| Dataset excerpts |
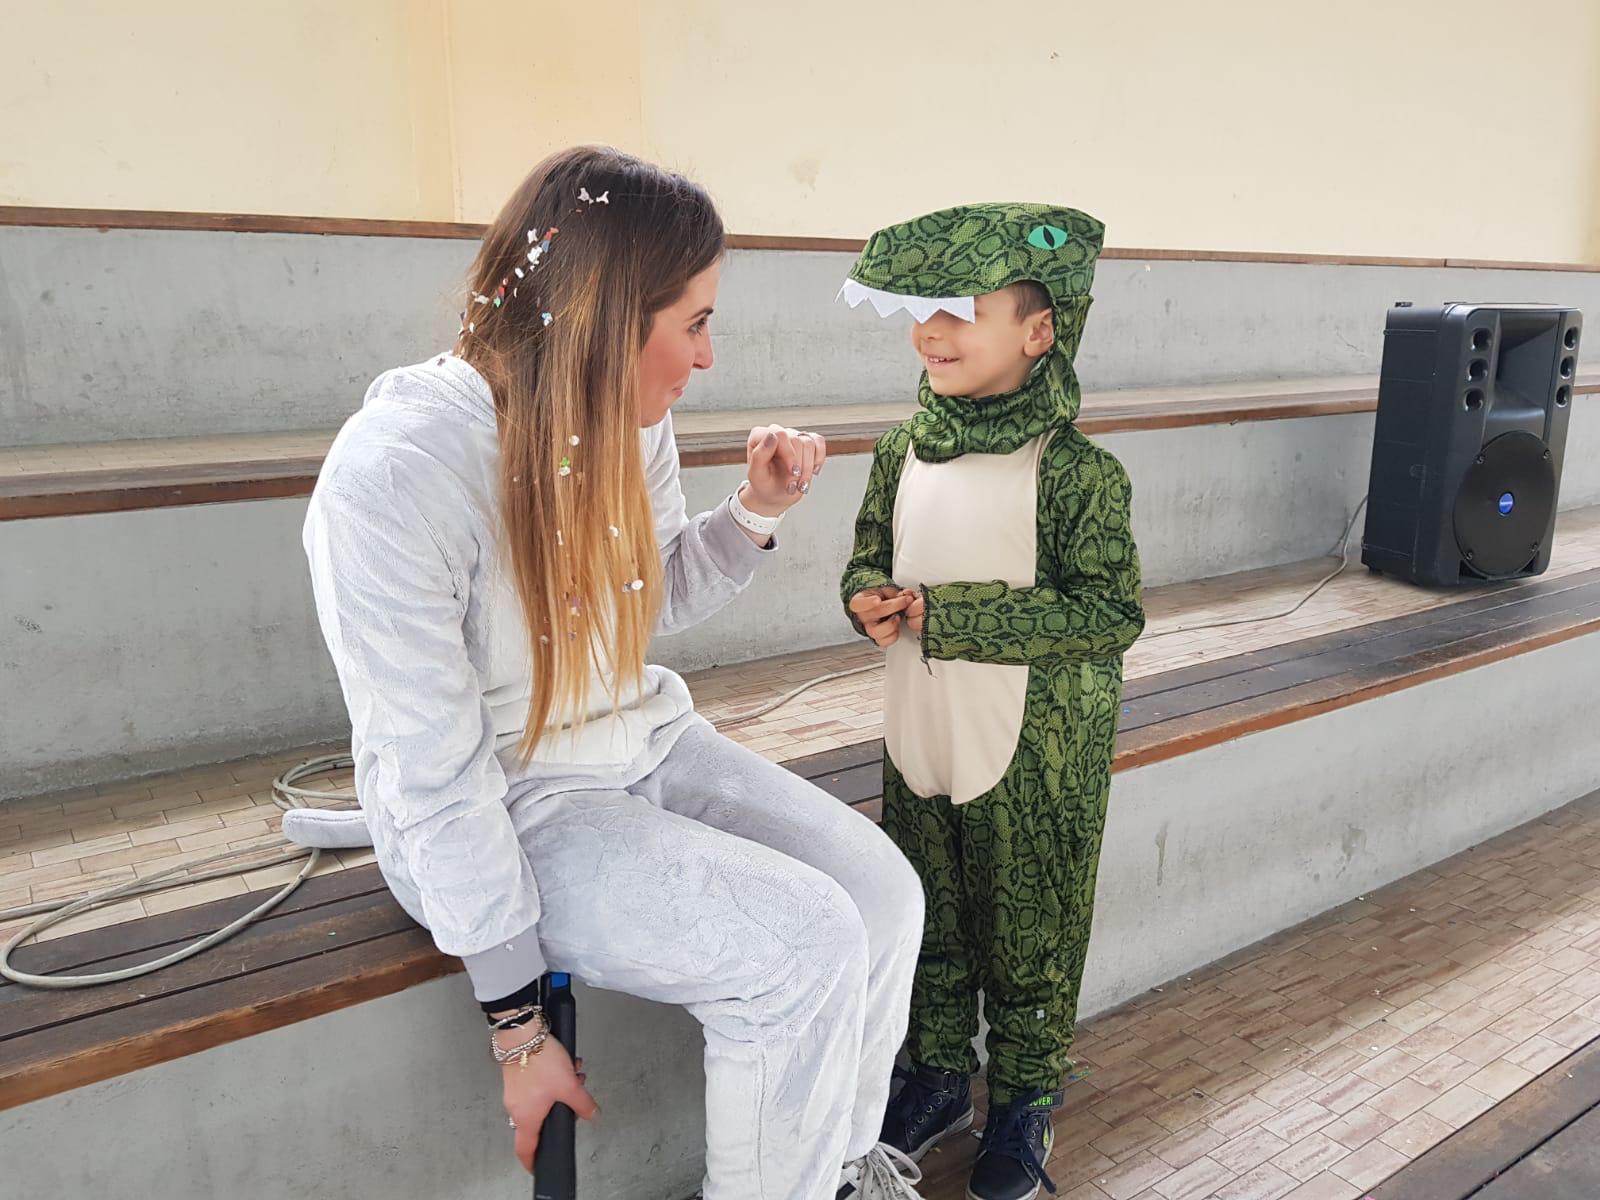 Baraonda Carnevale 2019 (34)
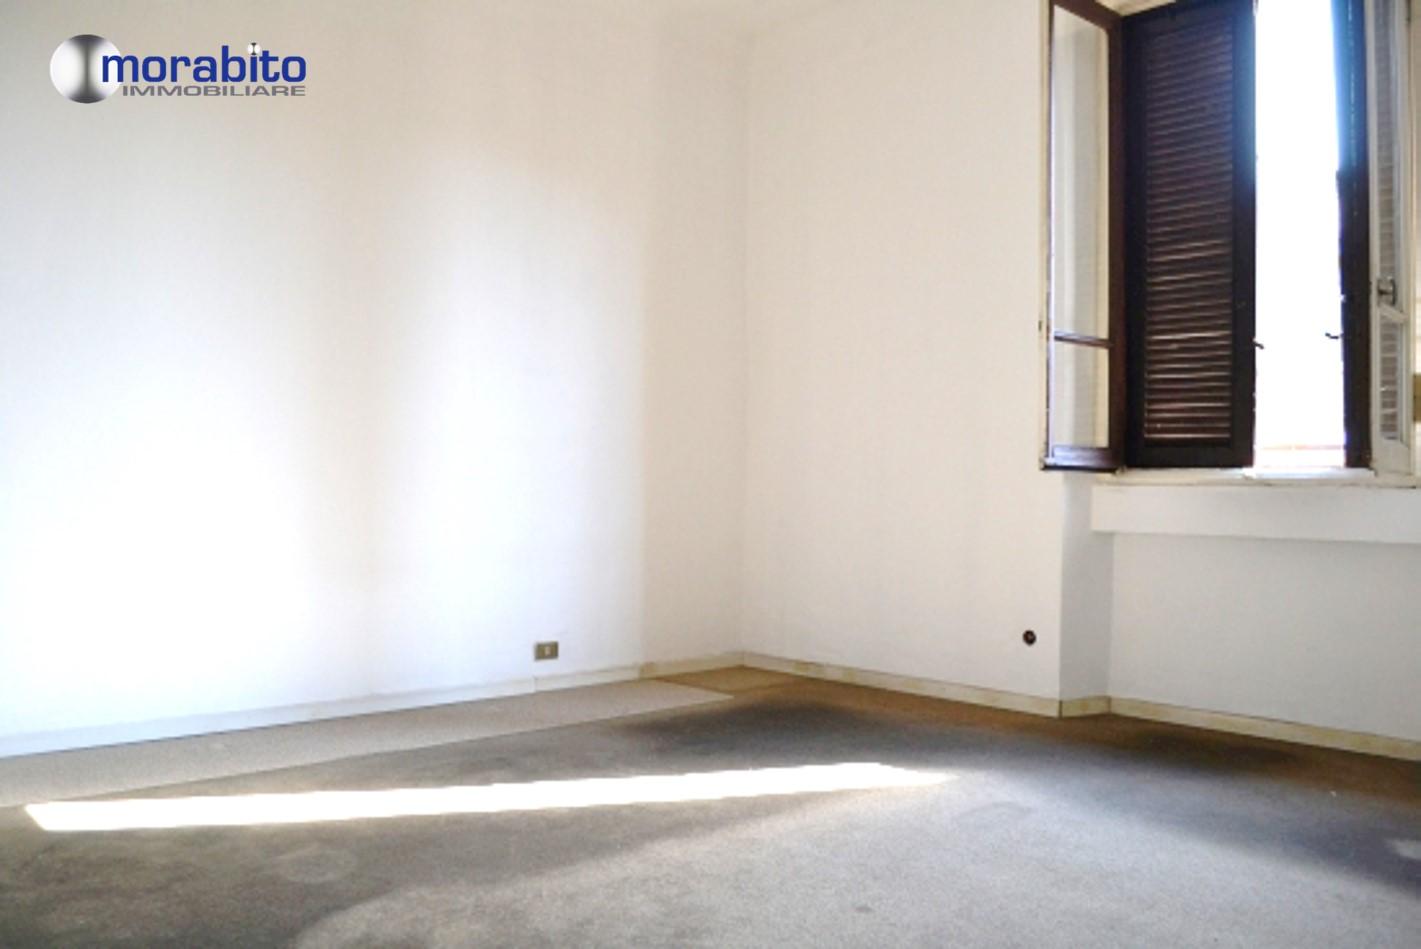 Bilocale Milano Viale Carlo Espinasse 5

* * *

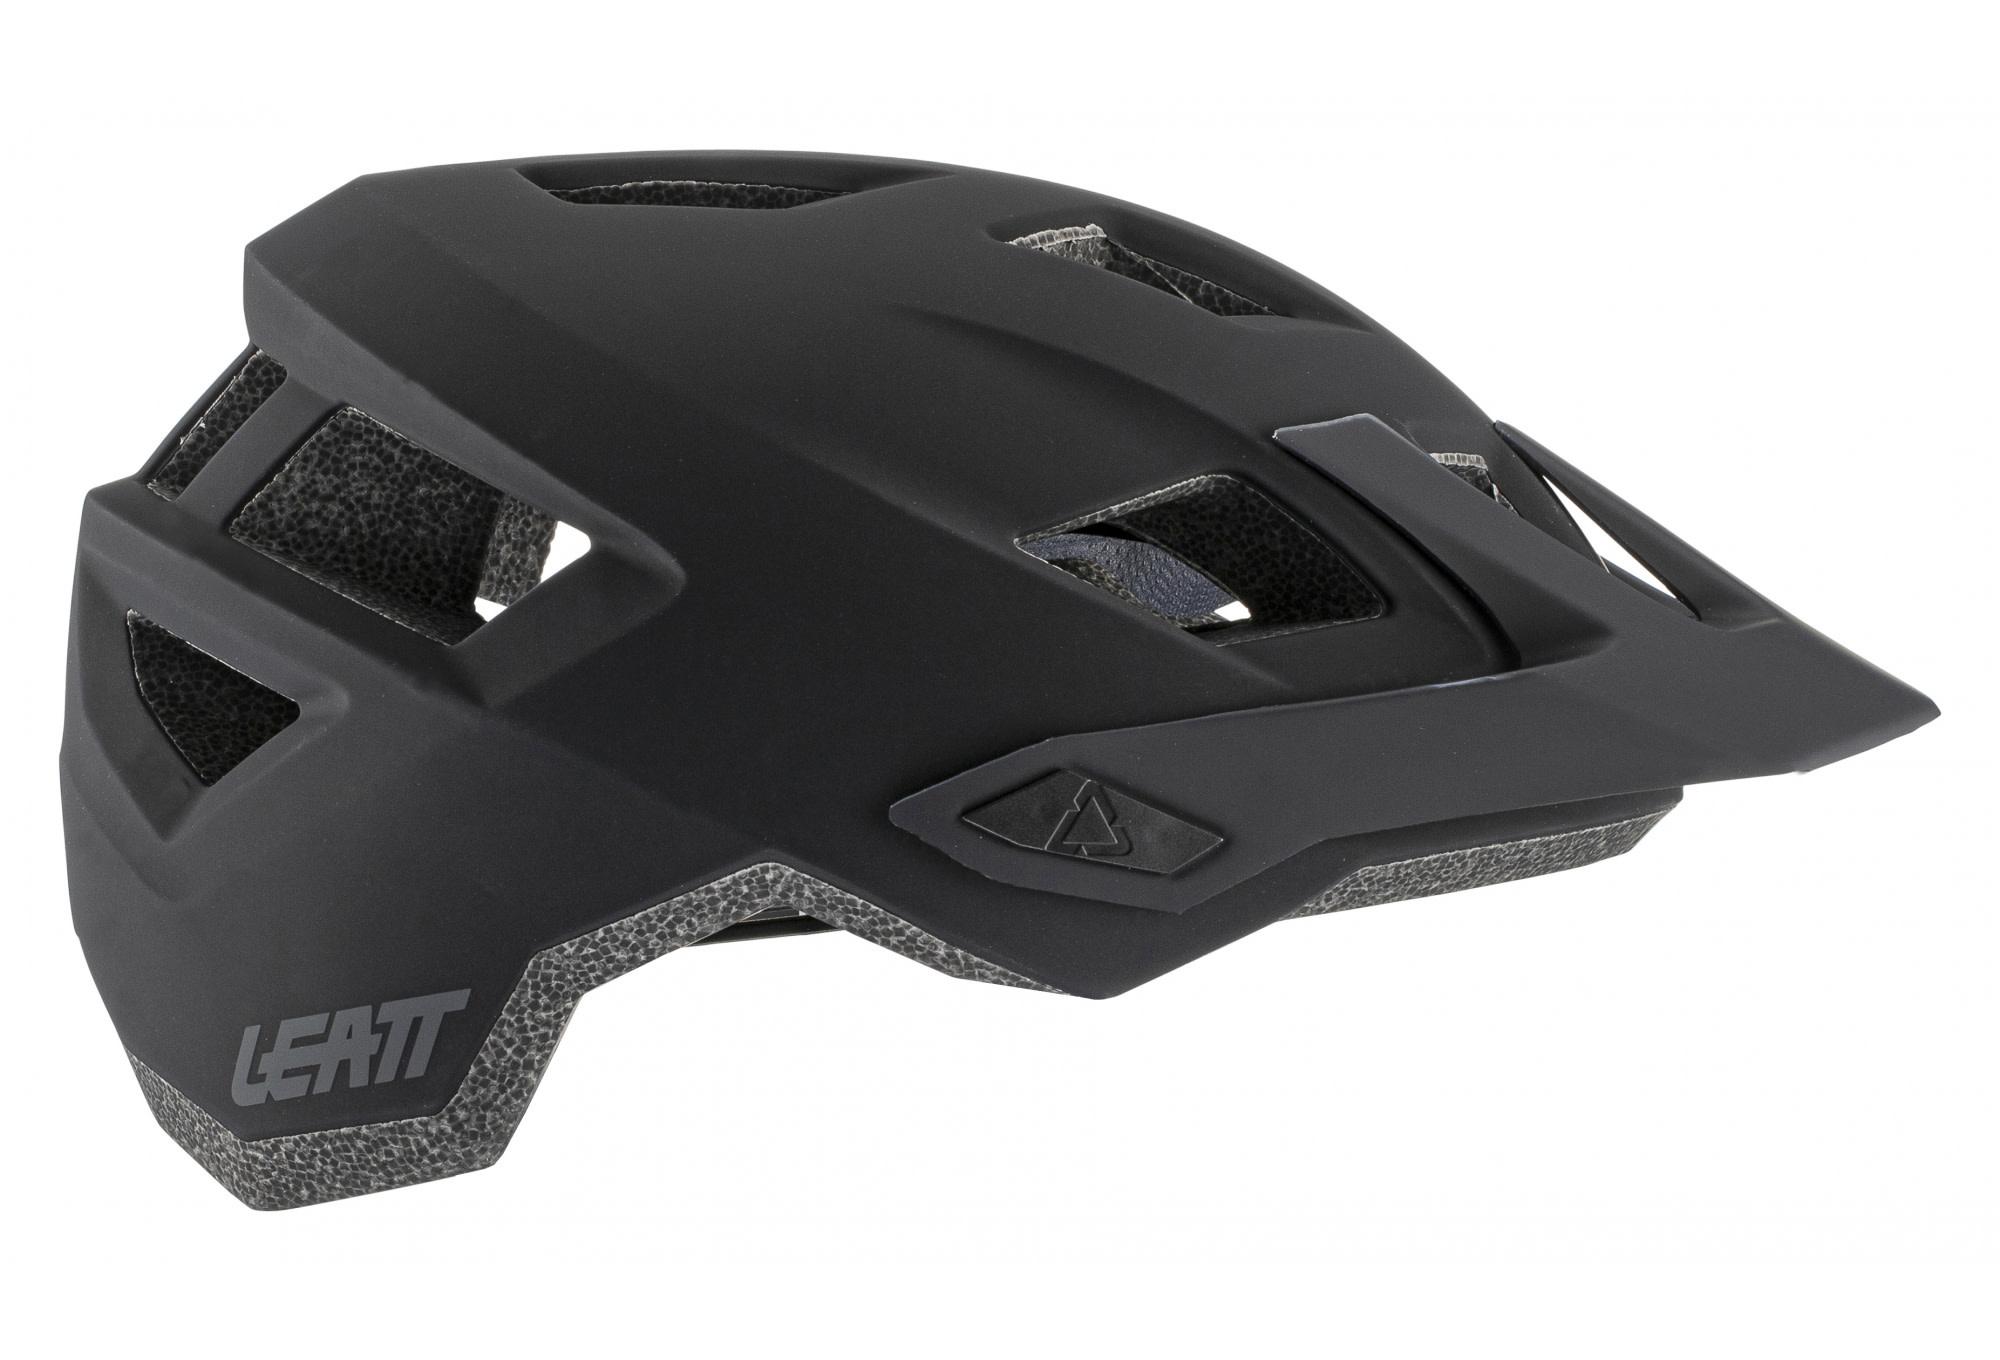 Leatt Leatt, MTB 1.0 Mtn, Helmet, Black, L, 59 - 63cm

| Task instructions |
Among the entries above, take the line with "Baraonda Carnevale 2019 (34)", the line with "Bilocale Milano Viale Carlo Espinasse 5", and all the lines between them, and restate them word for word without pictures.

| Response |
 Baraonda Carnevale 2019 (34)
 Bilocale Milano Viale Carlo Espinasse 5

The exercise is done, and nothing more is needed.